All experimental procedures complied with the National Institutes of Health Guide for the Care and Use of Laboratory Animals (NIH Pub. No. 86-23, Revised 1985), approved by the Council of the American Physiological Society, and with federal and state regulations. All experimental procedures were approved by the Louisiana State University Medical Center Animal Care and Use Committee.
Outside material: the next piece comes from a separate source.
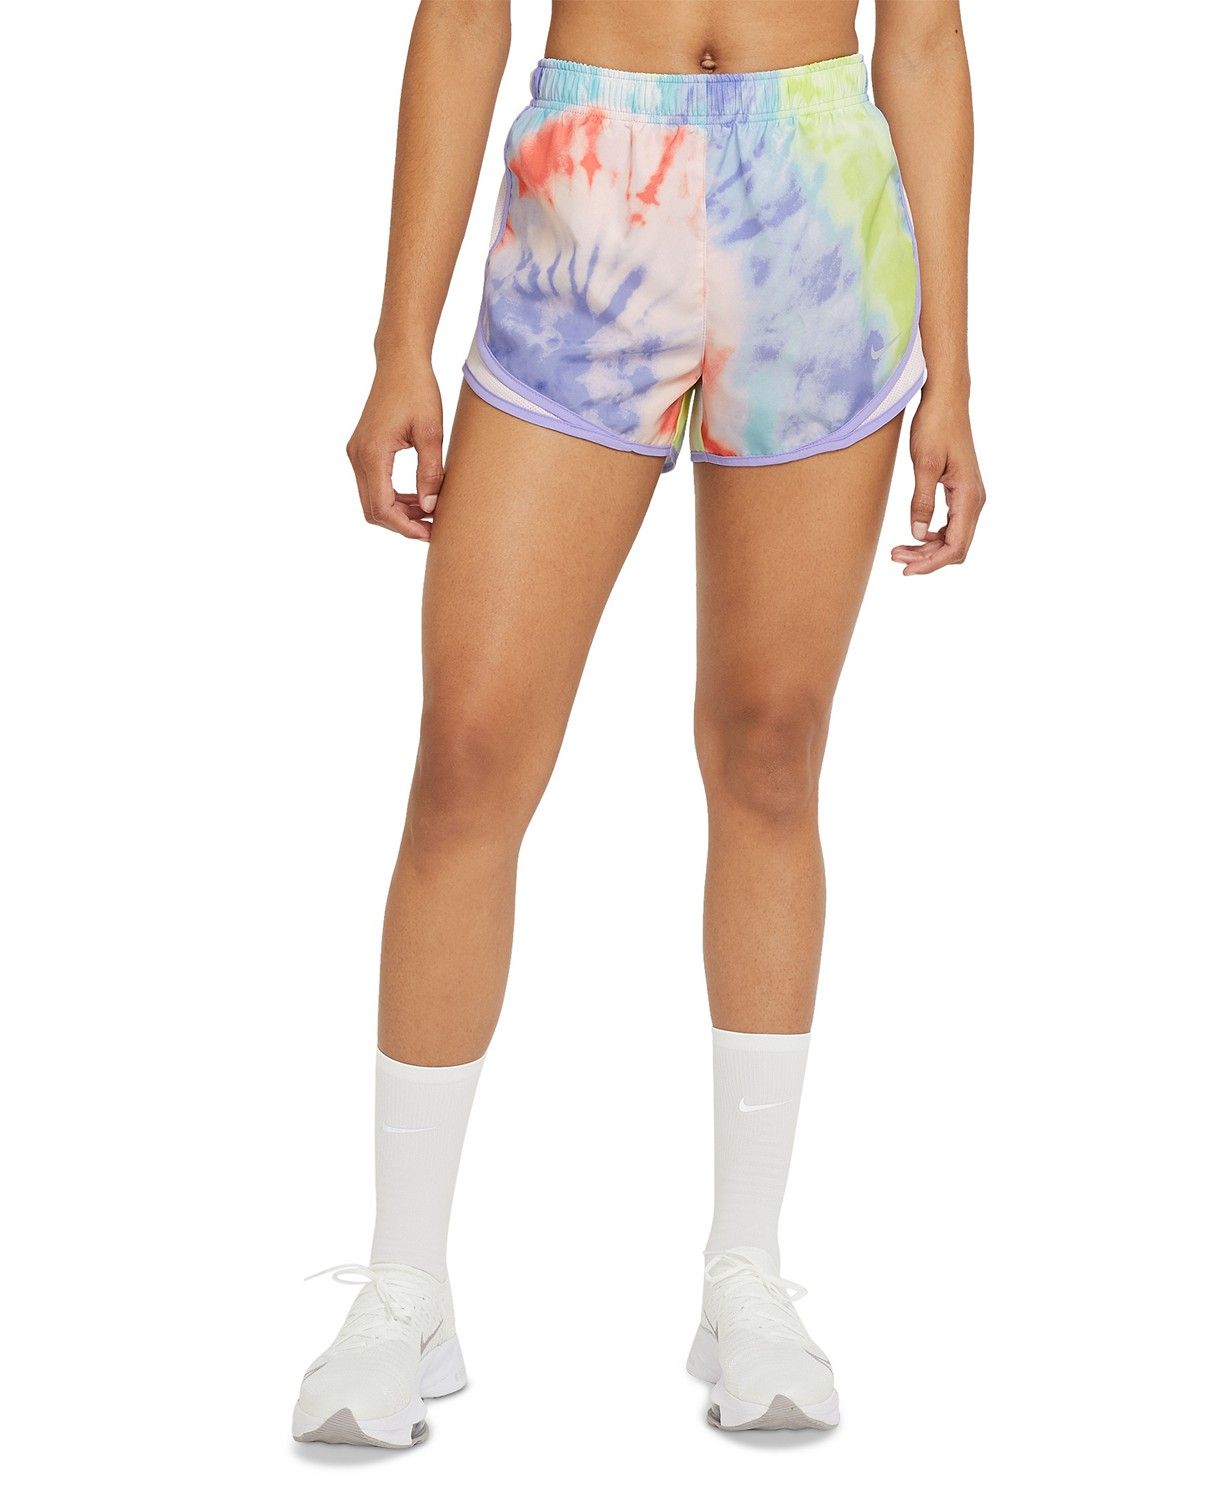 Nike Women's Tie-Dyed Active Shorts & Reviews - Shorts - Women - Macy's | Macys (US)
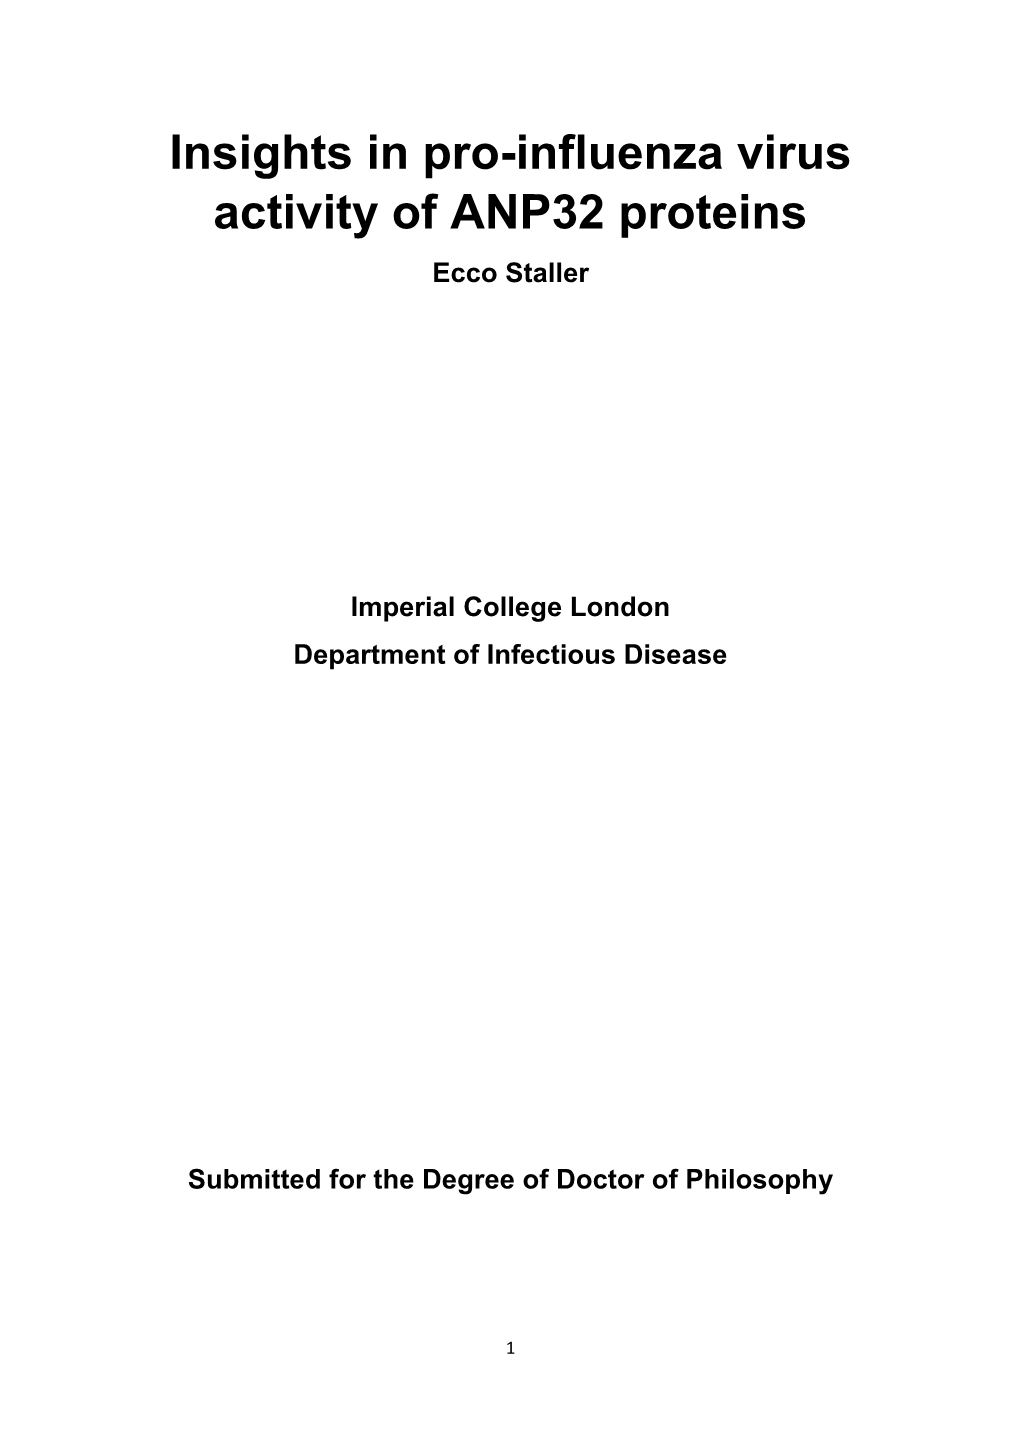 Insights in Pro-Influenza Virus Activity of ANP32 Proteins Ecco Staller

Myocardial infarction protocol. Ligation of the left anterior descending coronary artery (LAD) was performed as described previously (16, 17). Mice were anesthetized with intraperitoneal injections of ketamine (50 mg/kg) and pentobarbital sodium (50 mg/kg). Body temperature was maintained at 37°C using a rectal thermometer and infrared heating lamp. With the use of direct visualization through a fiber-optic ring light, the mice were orally intubated with polyethylene-90 tubing and connected via loose junction to a rodent ventilator (model 683, Harvard Apparatus). The ventilator was set at a tidal volume of 1.5 ml and a rate of 120 breaths/min and supplemented with 100% oxygen. A median sternotomy was performed, and the proximal left anterior descending (LAD) coronary artery was visualized and ligated with a 7-0 silk suture mounted on a tapered needle (BV-1, Ethicon). The LAD coronary artery was ligated at a proximal location under the left atrial appendage. Ischemia was confirmed by the appearance of hypokinesis, pallor distal to the occlusion, and depressed fractional shortening according to echocardiography. The occlusion remained intact throughout the 4-wk protocol. In several experiments, ischemia was also confirmed by profound electrocardiographic changes (e.g., ST segment elevation). The chest wall was closed, and the mice were given subcutaneous butorphanol tartrate (0.1 mg/kg) and were allowed to recover in a temperature-controlled area. Butorphanol tartrate (0.1 mg/kg sc) was administered every 12 h for 3 days after the acute myocardial infarction (MI) procedure.

Assessment of iNOS protein. Wild-type and iNOS^–/– mice (n = 3 mice/group) were subjected to the MI protocol. Three days after coronary ligation, hearts were harvested, rinsed, and snap frozen in liquid nitrogen. Whole hearts were homogenized, and proteins were extracted. Western blot analysis was performed according to conventional protocols. Briefly, 50 µg of total protein were loaded per sample. Even loading and transfer were confirmed by Ponceau and Coomassie stains. Primary iNOS antibody was used at a concentration of 1:4,000. Membranes were exposed to chemiluminescent (ECL) reagents, documented on ECL film, and scanned into a personal computer.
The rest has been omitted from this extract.